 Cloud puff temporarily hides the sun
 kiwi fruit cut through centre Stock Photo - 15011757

..........

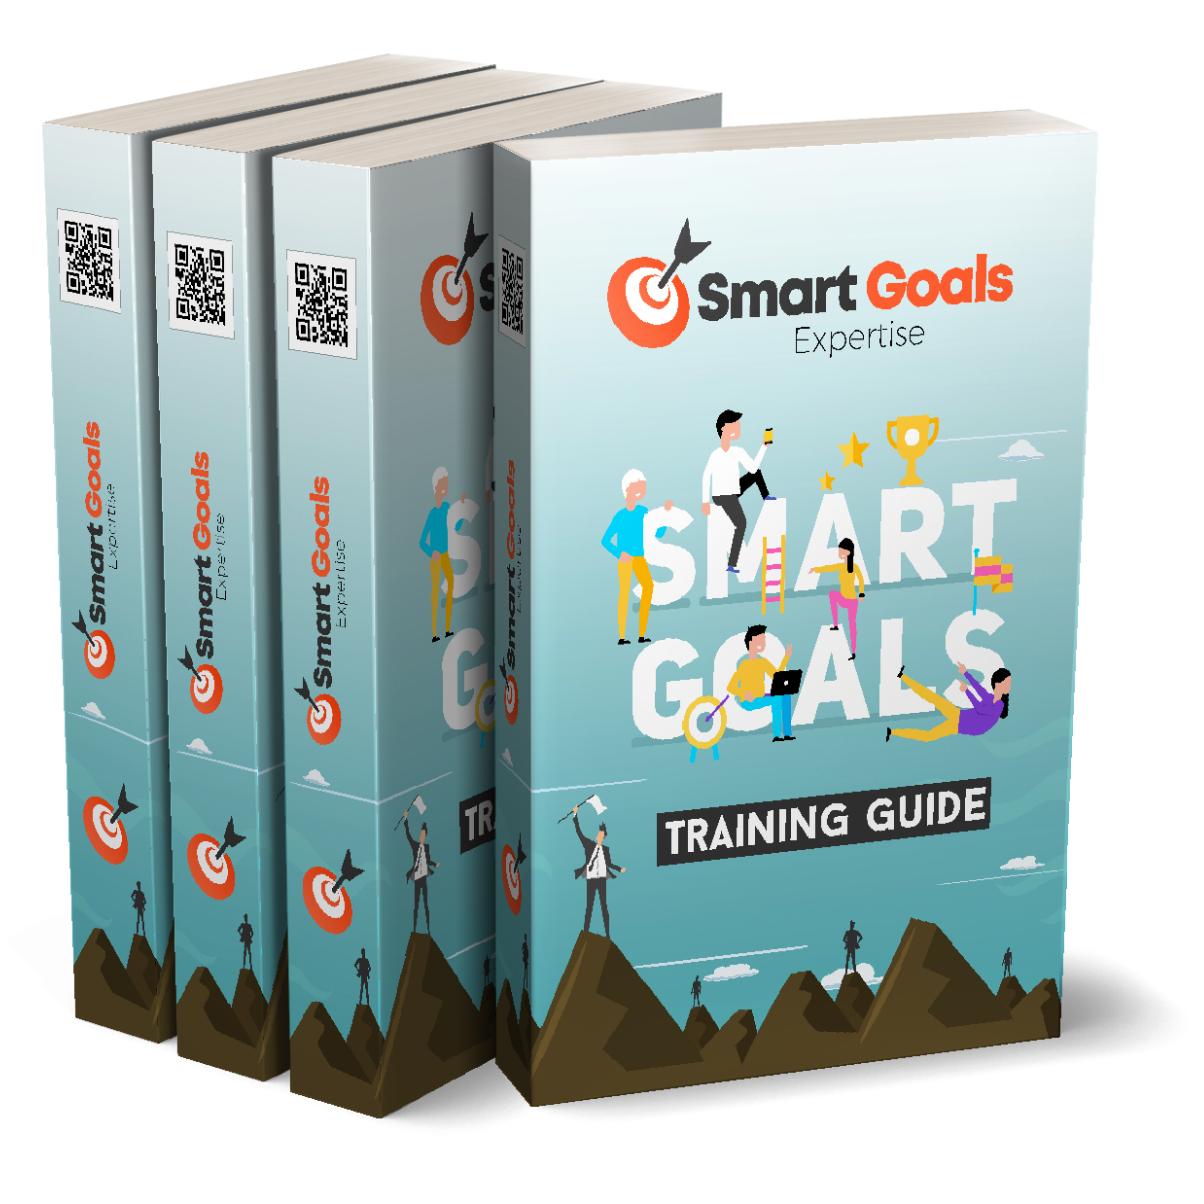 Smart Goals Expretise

..........

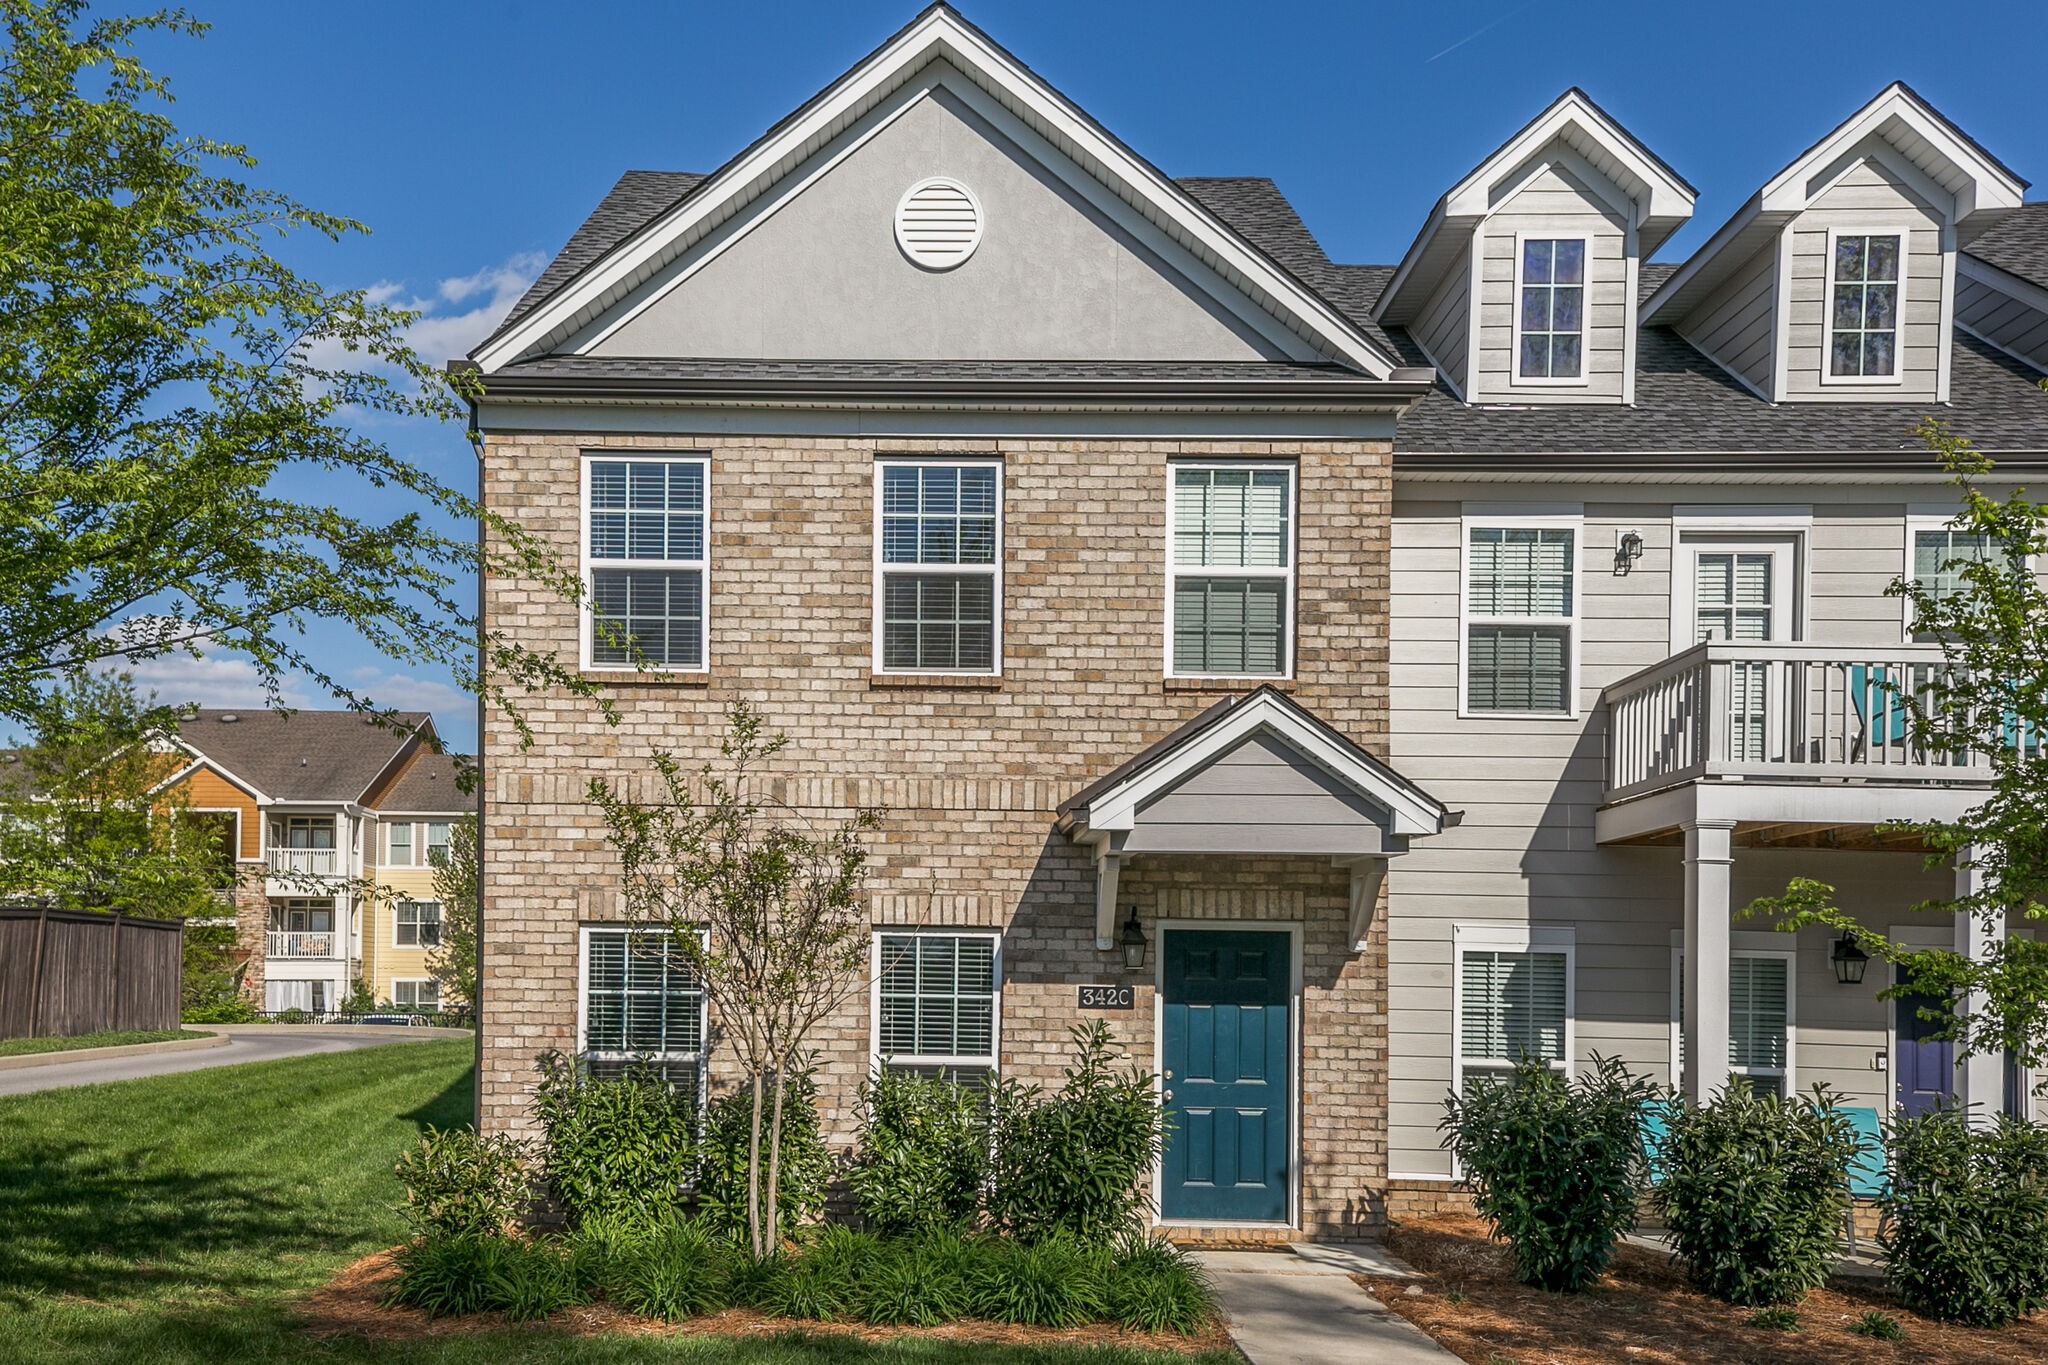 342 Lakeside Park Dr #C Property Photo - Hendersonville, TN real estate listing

..........

Reprint exactly the lines above that start at the one with "Cloud puff temporarily hides the sun" and end at the one with "kiwi fruit cut", keeping both and adding none.

 Cloud puff temporarily hides the sun
 kiwi fruit cut through centre Stock Photo - 15011757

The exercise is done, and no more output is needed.